*** SUPPLIED DATA Section Begins ***

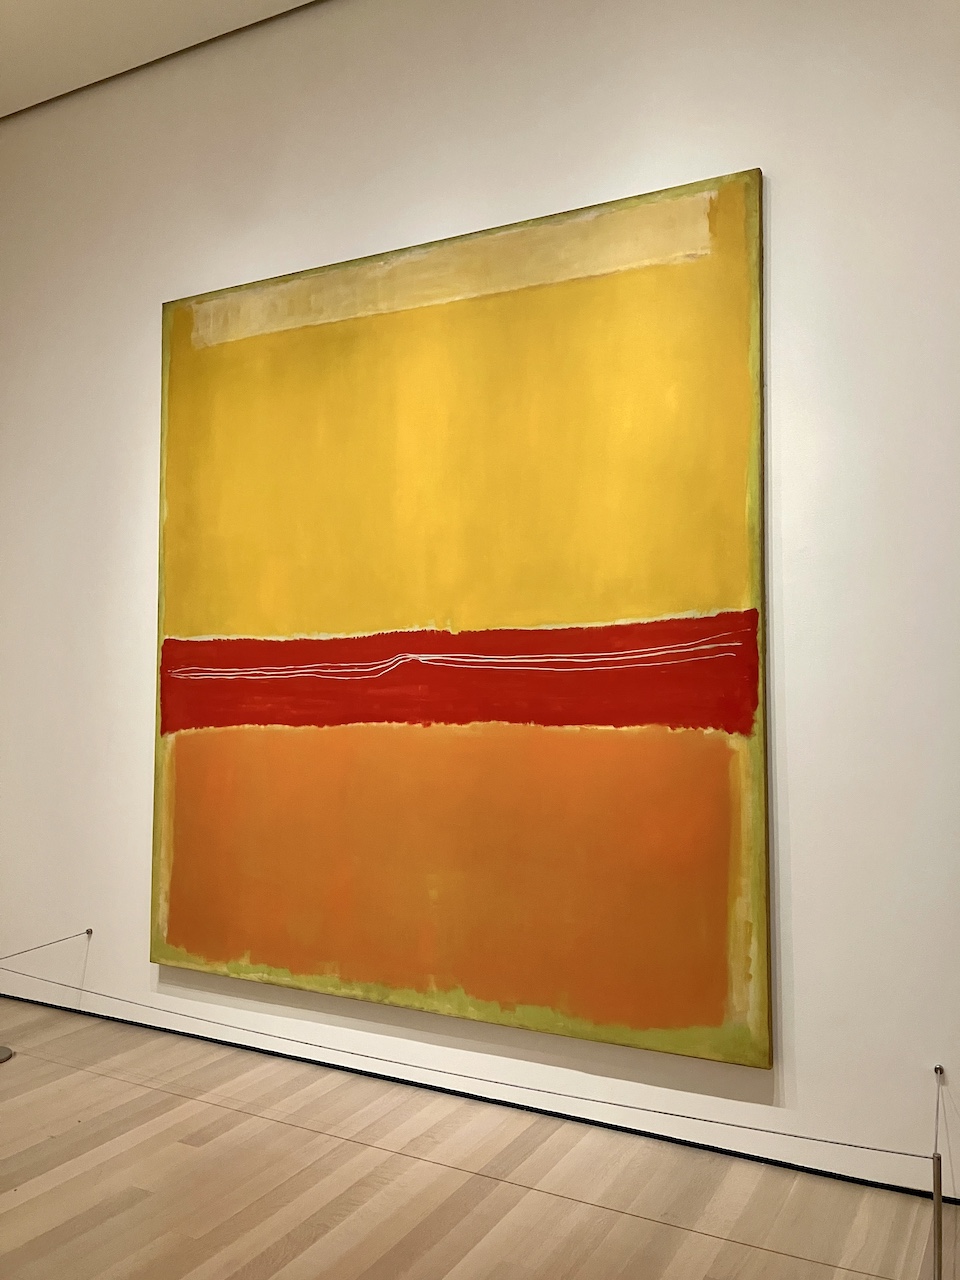 Mark Rothko colour field painting at MoMA, Museum of Modern Art, New York | photo By Kerwin
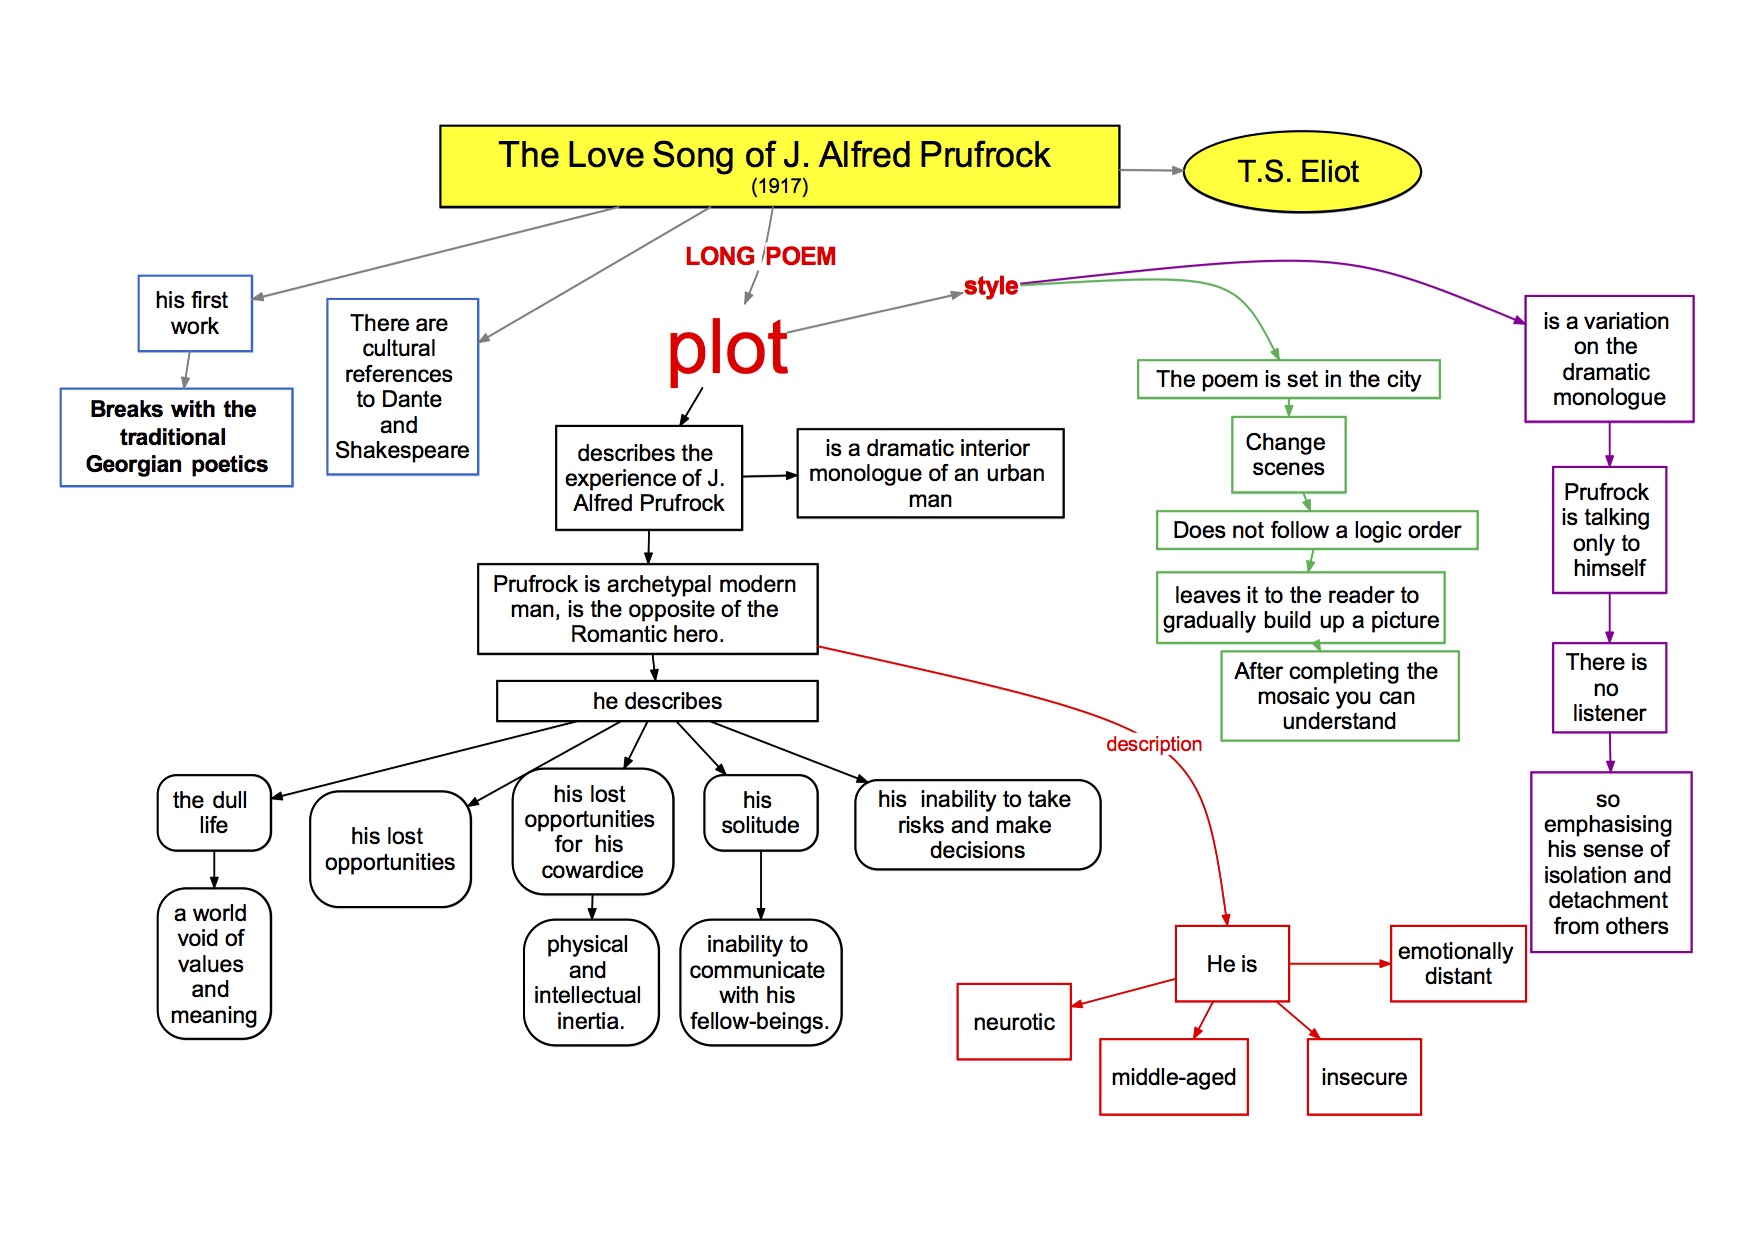 mappa concettuale visual map Inglese T. S. Eliot-The Love Song of J. Alfred Prufrock  plot
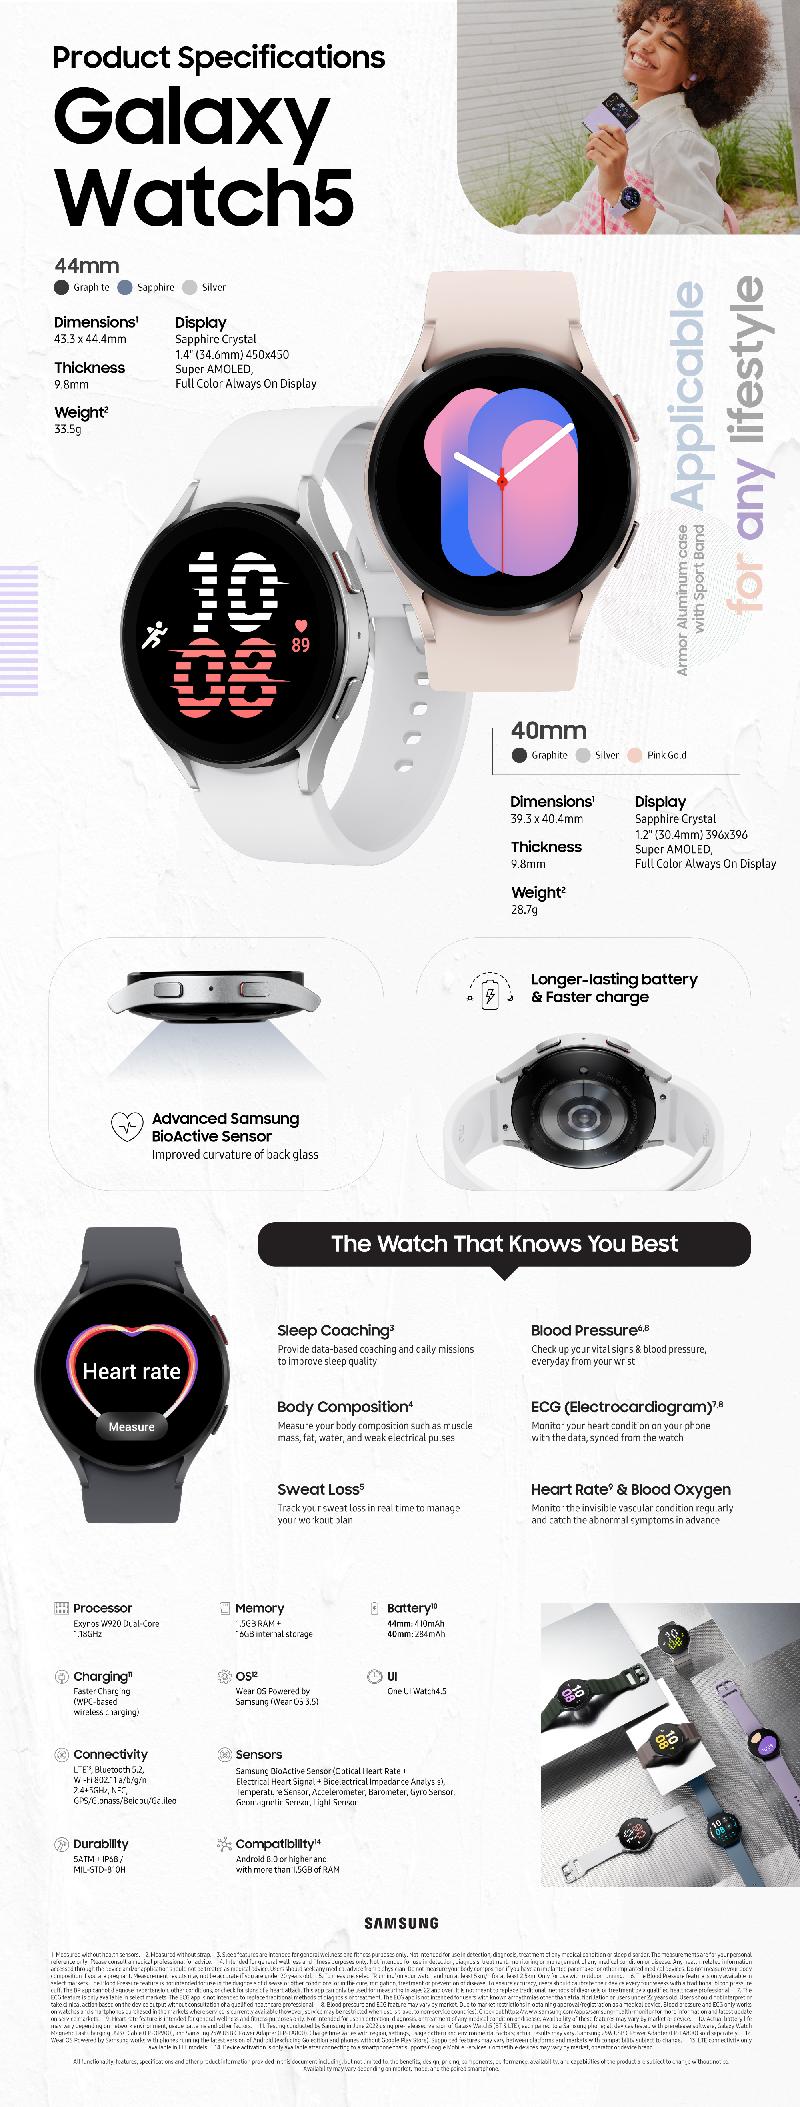 Galaxy_Watch5_Product Specifications.jpg

*** SUPPLIED DATA Section Ends ***

WHAT TO PRODUCE
Set the entire listing down again, exact in every line, without any pictures.

YOUR RESPONSE
 Mark Rothko colour field painting at MoMA, Museum of Modern Art, New York | photo By Kerwin
 mappa concettuale visual map Inglese T. S. Eliot-The Love Song of J. Alfred Prufrock  plot
 Galaxy_Watch5_Product Specifications.jpg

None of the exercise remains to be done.